Of course, the reality of journalism is that everyone has to suck up -- request the interview, make the small talk, form the connection, try to pry out the bits of information that journalists sausage into news. It just happens that some of us -- or rather, one of us -- is a lot better at getting news, news so fresh and inside it astounds even the insiders.

On Thursday, Tina Brown wrote (in classic TB style) that "Media life seems to have turned into one long cannibal feast, a fratricidal Thanksgiving dinner minus the giving of thanks. No sooner have we finished dining out on roast Judith Miller with stuffing than we are ready for a nice, big slice of Bob Woodward pie." She also looked at the outcry from a psychological perspective:
All the ranting about Woodward's journalistic ethics, however, is a displacement of anger against the real sources, so to speak, of the public's misery. Unable to get rid of the real origin of abusive power, the media set fire to yet another messenger.

Woodward works from home! Sometimes Woodward's editors don't hear from him for months! Woodward gets to write books without taking a leave! Woodward knows everybody! Everybody knows Woodward! Time to send Woodward to the woodpile! It must be the crowning irritation to smaller woodland animals that once again the Big Beast knew the name of a prime leaker before anyone else -- and that, once again, he wasn't talking till he was good and ready.
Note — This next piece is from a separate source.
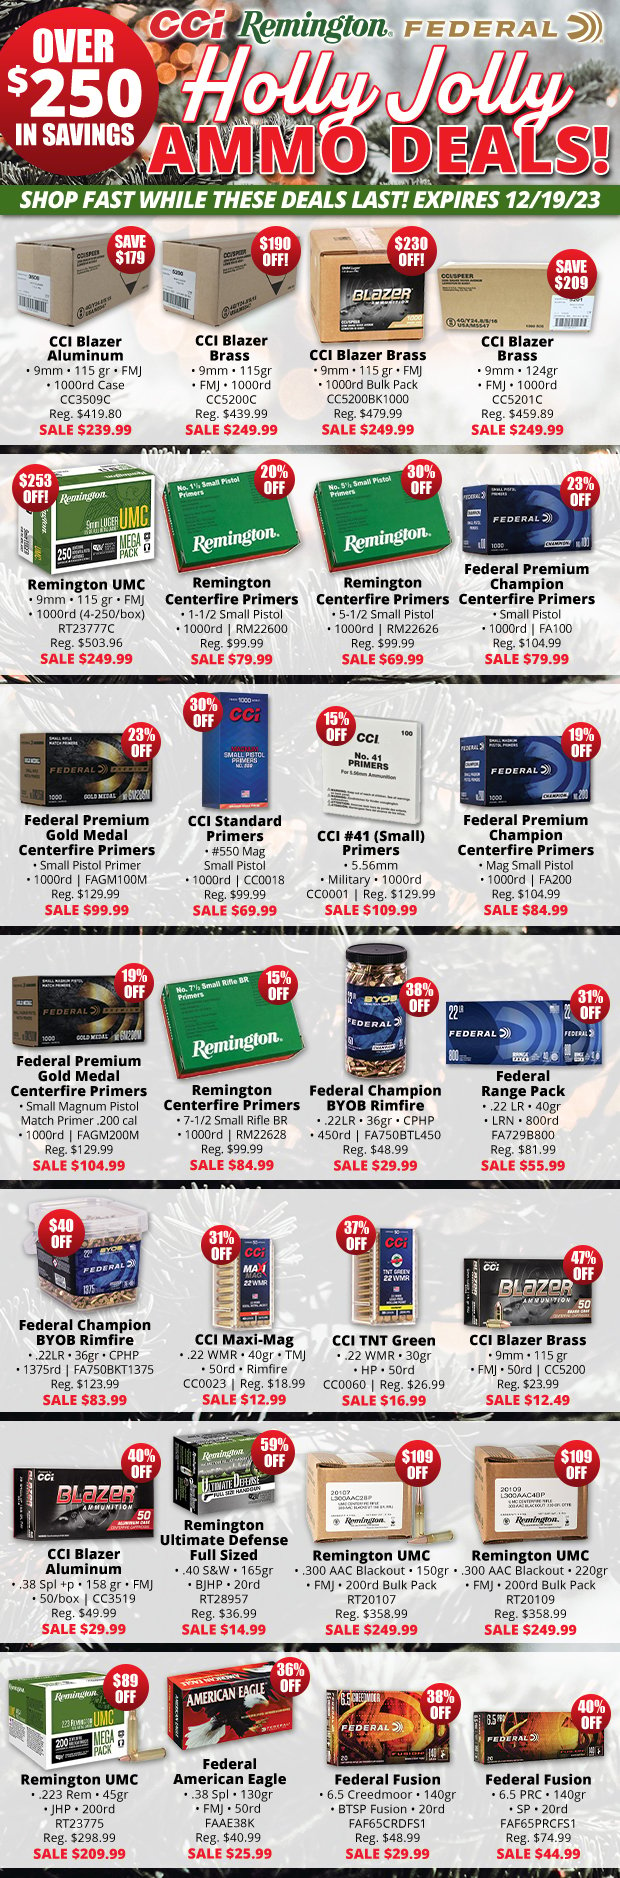 Holly Jolly Ammo Deals with Over $250 in Savings!
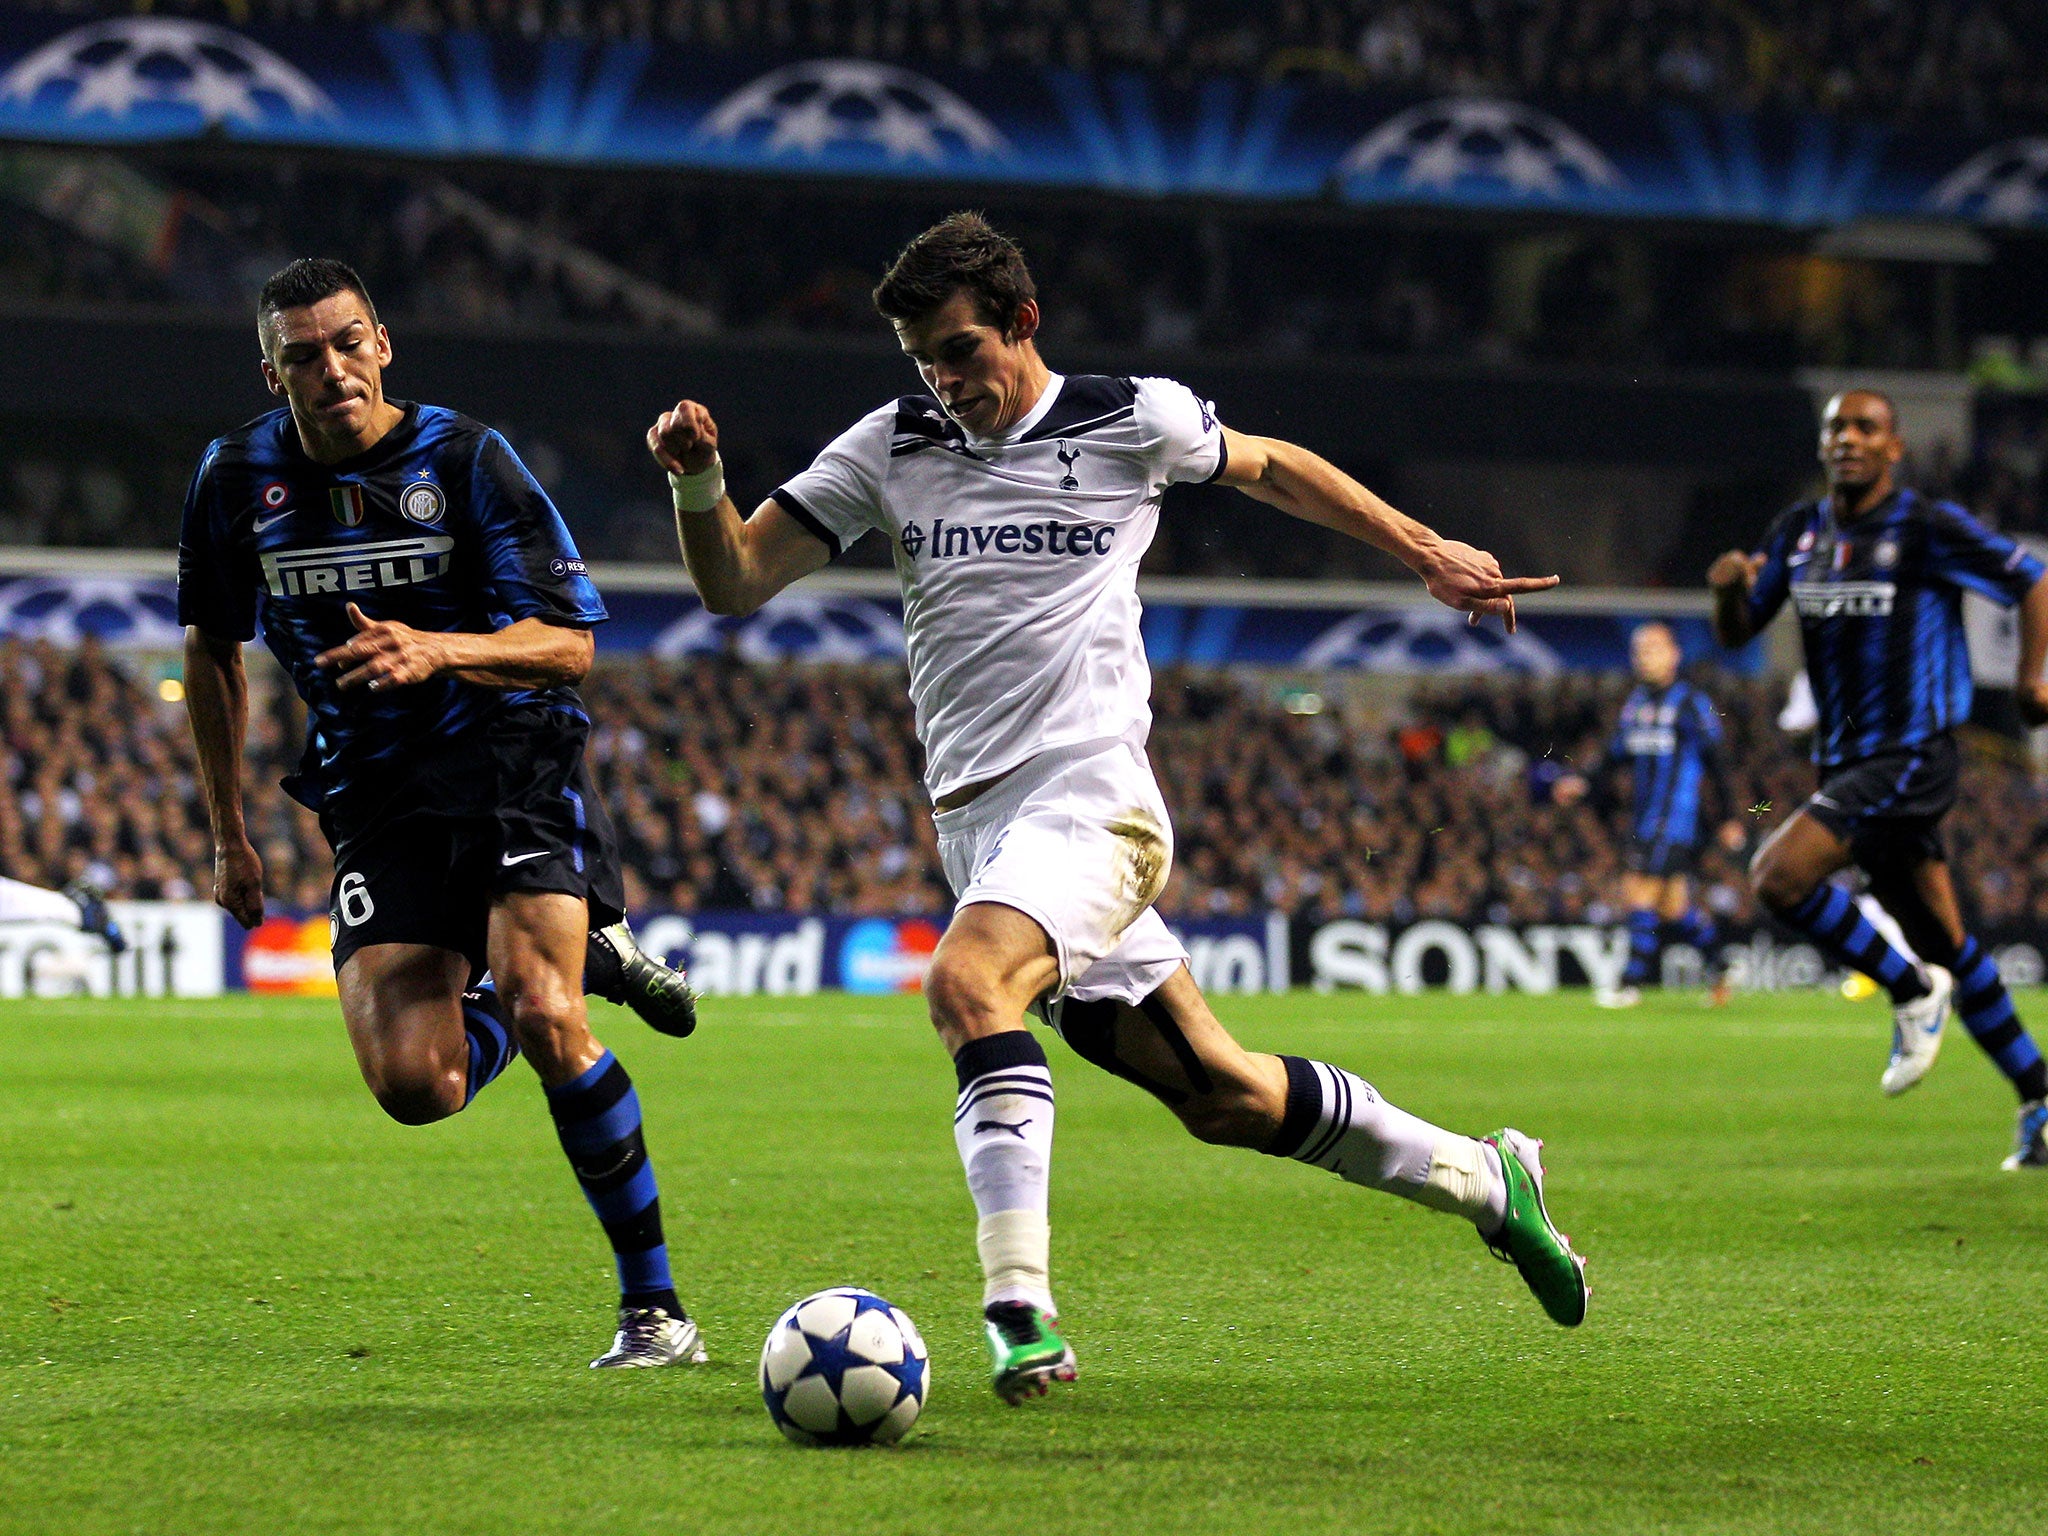 Gareth Bale exploded onto the European stage after his stellar performance against Inter Milan in the Champions League

Younger sibling…smaller woodland animals – I'm sensing a theme here. (By the way, does that make the press corps Alvin, Simon or Theodore? I can never keep them straight.) Anyway, Sid Blumenthal's not having it:
Over the past month, however, [Woodward] has personified the stonewalling and covering up he once penetrated and shattered to launch his brilliant career. His unraveling is as surprising and symptomatic a story of George W. Bush's Washington as his making was of Nixon's.
And, finally, Mark Jurkowitz takes the longer view on the scandal – and the criticism:
This burst of somber but serious criticism of Woodward — a genuine journalistic icon for three decades and a symbol of the power and prestige of the mainstream media — may mark the closing of a distinct and important chapter in American journalism.

Woodward's Watergate exploits inspired a generation of starstruck baby boomers to flock to the news business and yielded a movie starring two of Hollywood's leading men, Dustin Hoffman and Robert Redford. But the tarnishing of his reputation comes at a time when the media business is so desperate for heroes, that it has had to reach back half a century to find one: CBS's chain-smoking, crusading Edward R. Murrow, the protagonist of George Clooney's new film Good Night, and Good Luck.

The demythologizing of Woodward is occurring during a period when the kind of investigative reporting that built his legend faces a constellation of daunting obstacles, including declining newsroom resources, a secrecy-obsessed administration, and prosecutors and judges using subpoenas to poison the relationship between journalists and their confidential sources.